Collected material:
---

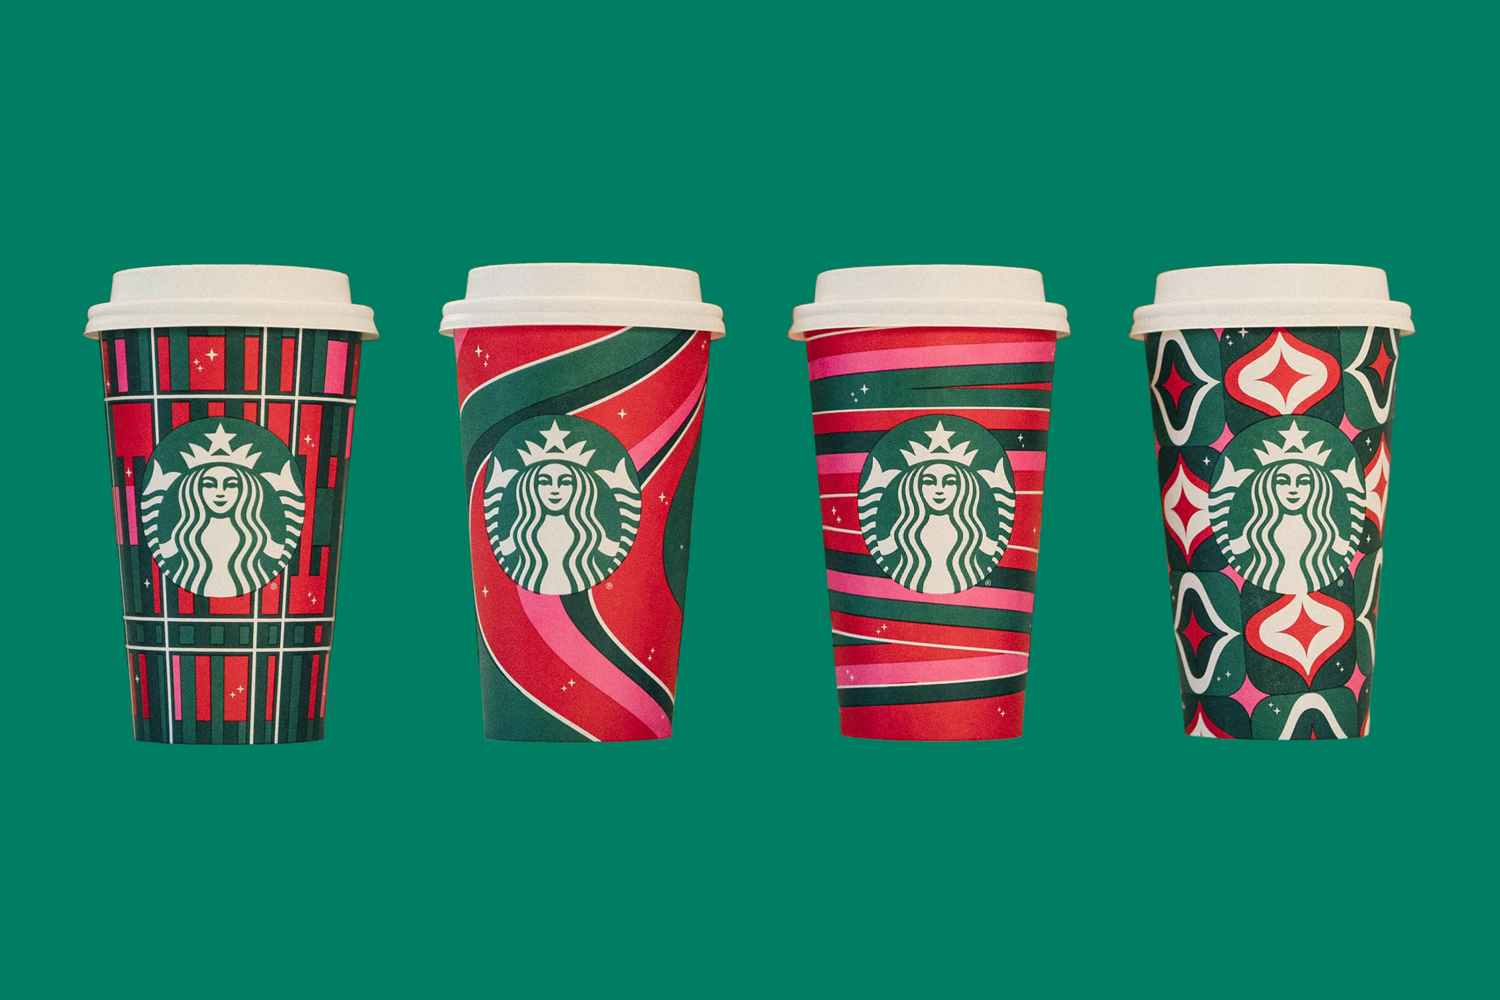 https://prod-cdn-thekrazycouponlady.imgix.net/wp-content/uploads/2022/11/starbucks-red-cup-designs-2023-1700063721-1700063722.jpg?auto=format&fit=fill&q=25
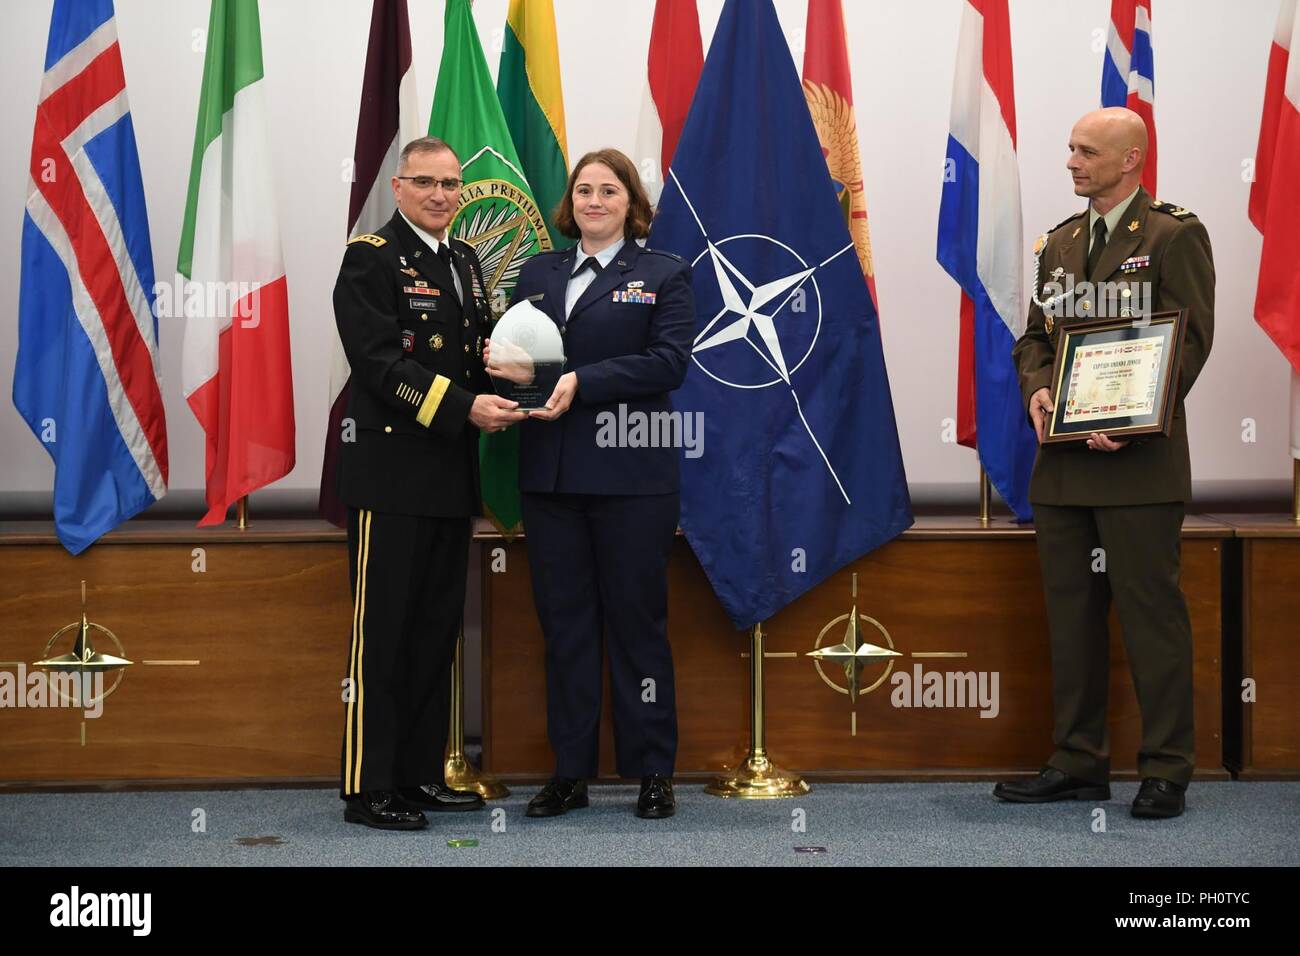 upreme Allied Commander Europe (SACEUR), General Curtis M. Scaparrotti, and Command Senior Enlisted Leader (CSEL), Command Sergeant Major Davor Petek, present U.S. Air Force Captain Amanda Zenner with the ACO Military Member of the Year Award on Thursday, June 21, 2018 at Allied Joint Force Command Naples. Stock Photo
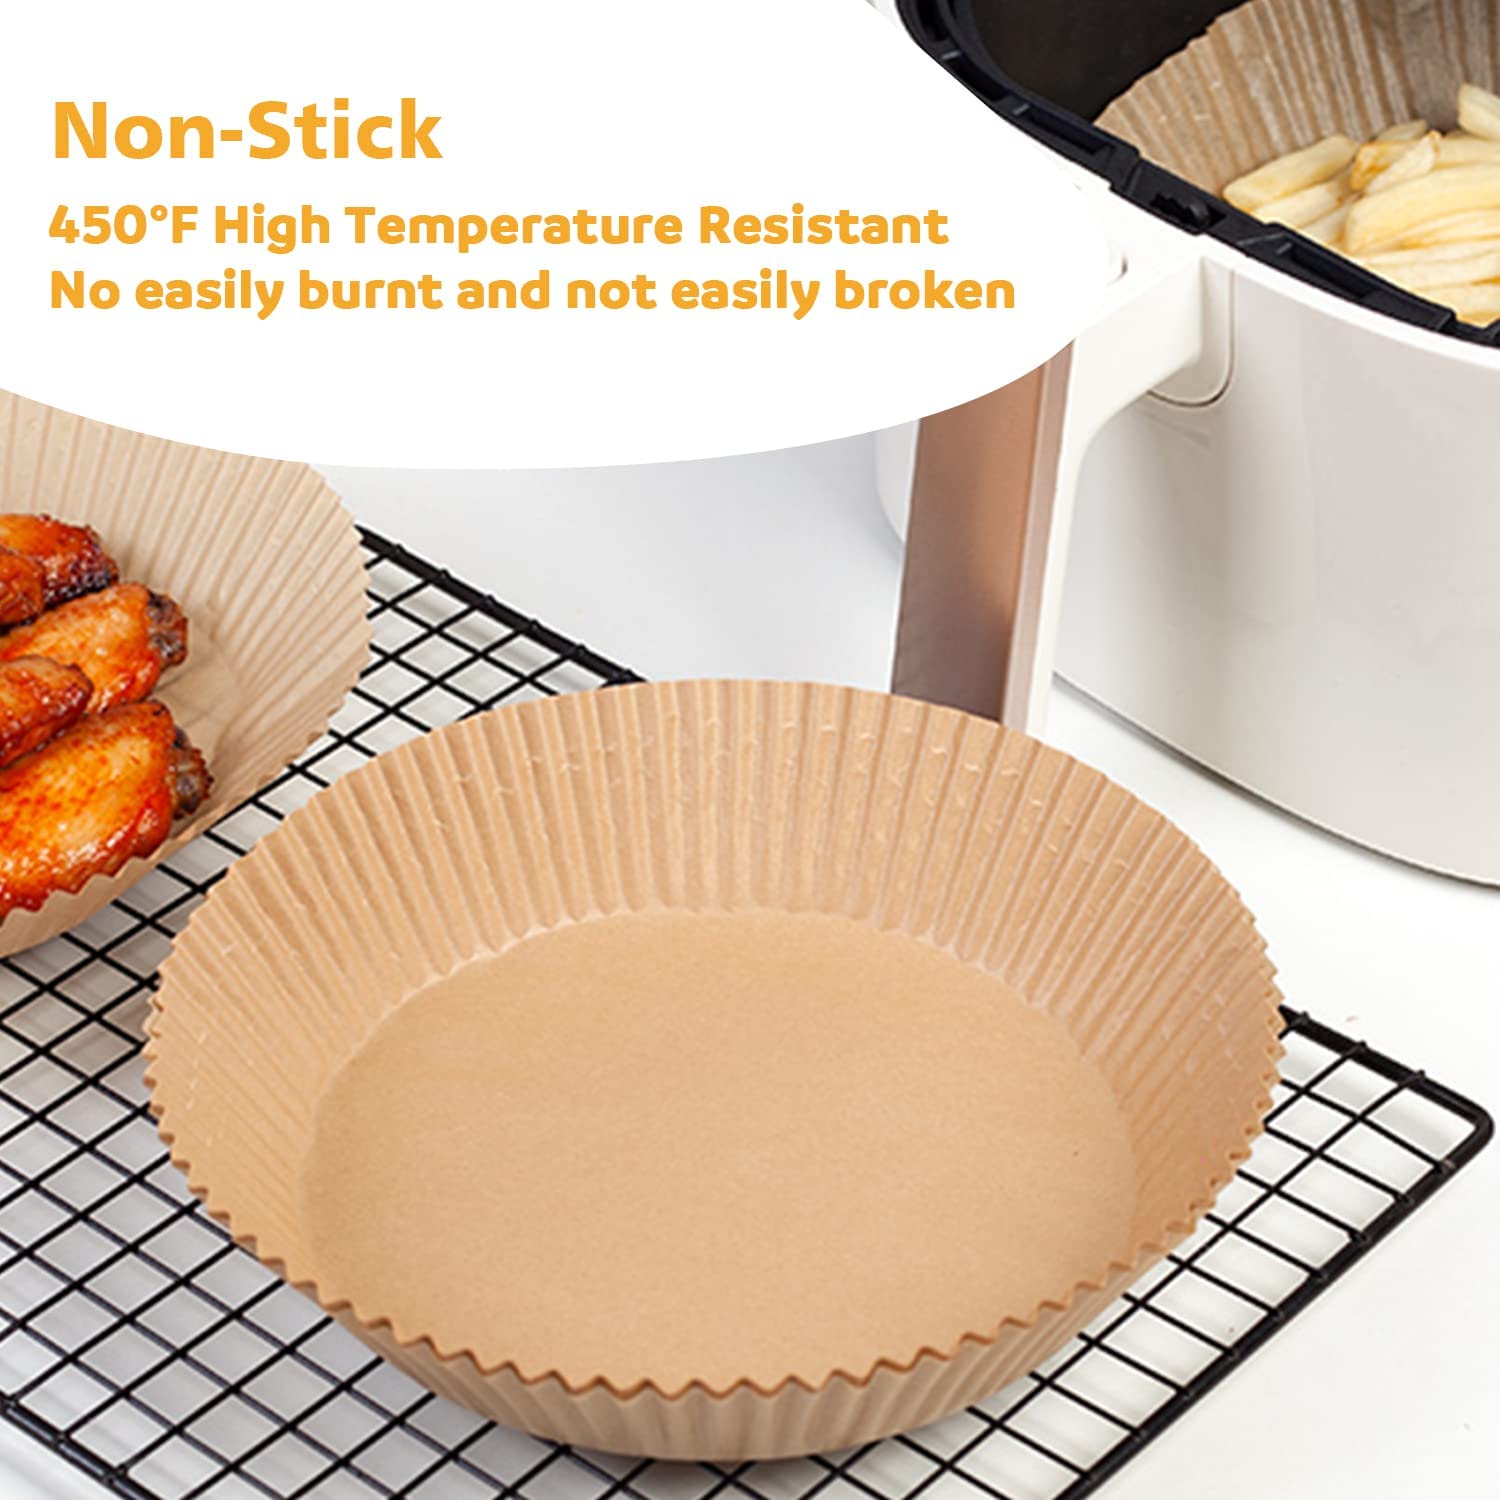 Ailun Air Fryer Paper Liners 8inch, 100PCS Non-Stick Parchment Paper,Oil Resistant,Disposable Food Grade Free of Bleach Paper Round for 5-8 QT Air Fryer Baking Roasting Microwave
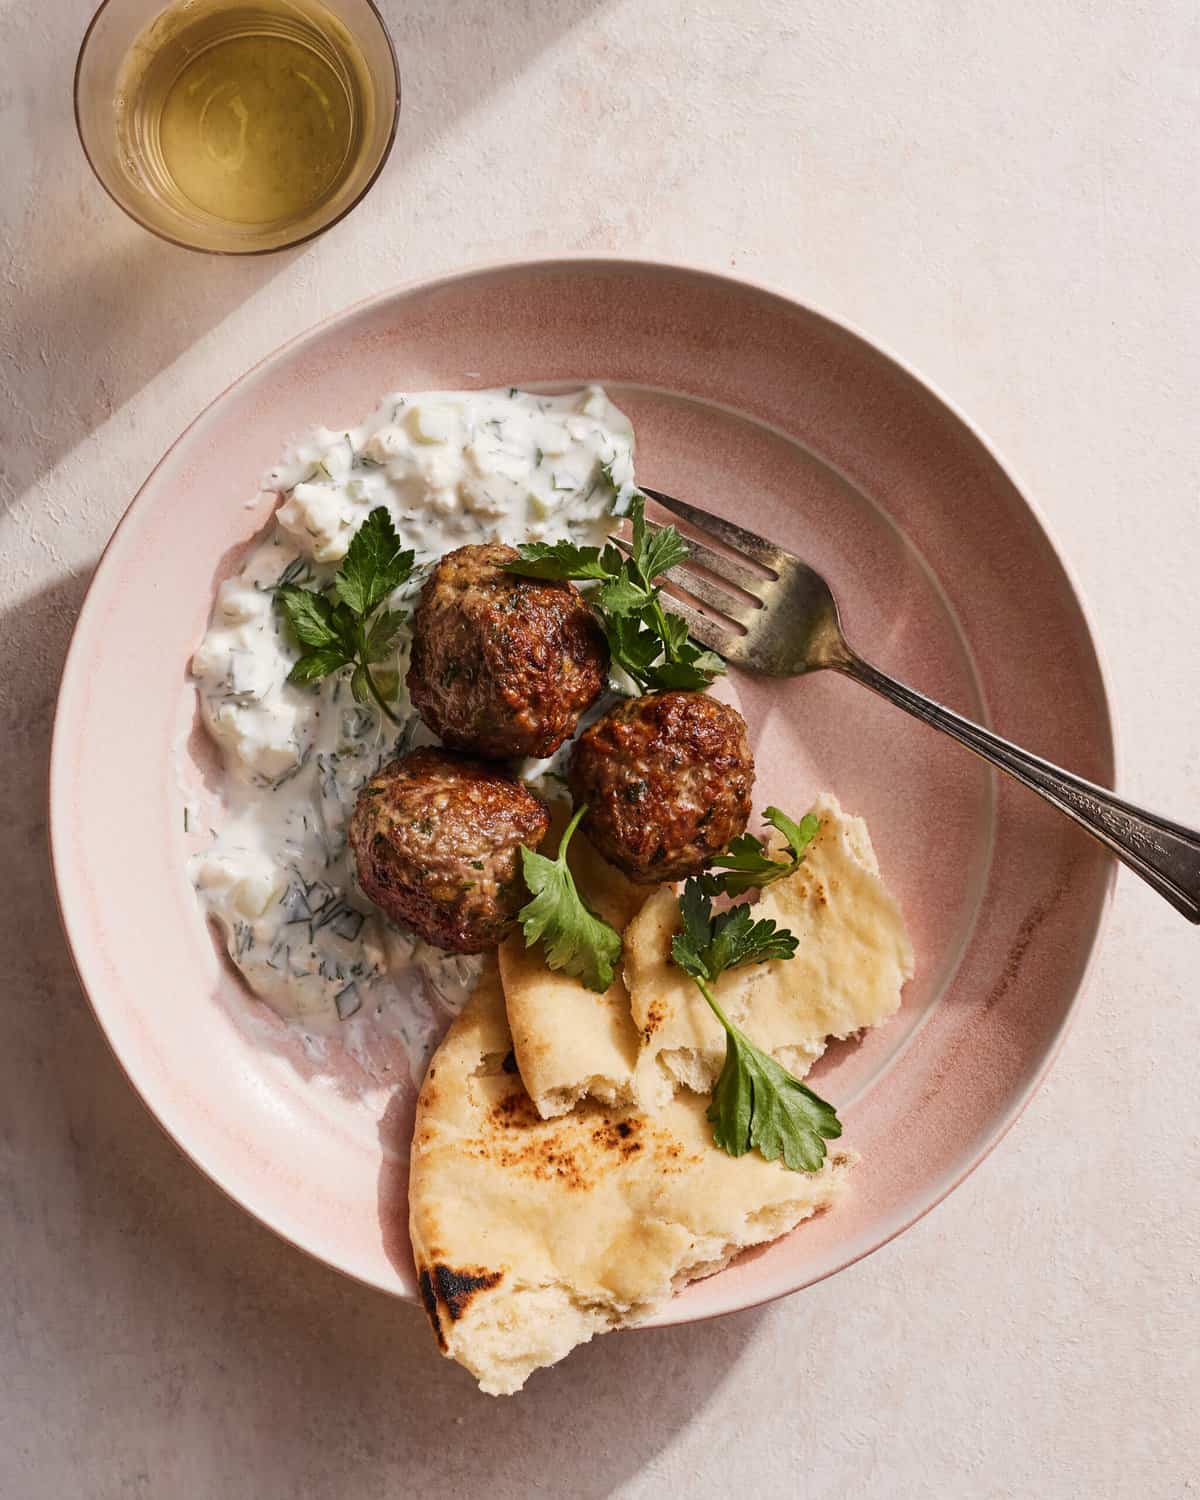 Greek lamb meatballs and tzatziki topped with fresh parsley and served with a side of naan in a pink ceramic bowl with a glass of white wine in the top left corner

---

Assigned task:
Give again, exactly, the lines from the start of the data through the one holding "upreme Allied Commander"; omit the pictures.

Response area:
 https://prod-cdn-thekrazycouponlady.imgix.net/wp-content/uploads/2022/11/starbucks-red-cup-designs-2023-1700063721-1700063722.jpg?auto=format&fit=fill&q=25
 upreme Allied Commander Europe (SACEUR), General Curtis M. Scaparrotti, and Command Senior Enlisted Leader (CSEL), Command Sergeant Major Davor Petek, present U.S. Air Force Captain Amanda Zenner with the ACO Military Member of the Year Award on Thursday, June 21, 2018 at Allied Joint Force Command Naples. Stock Photo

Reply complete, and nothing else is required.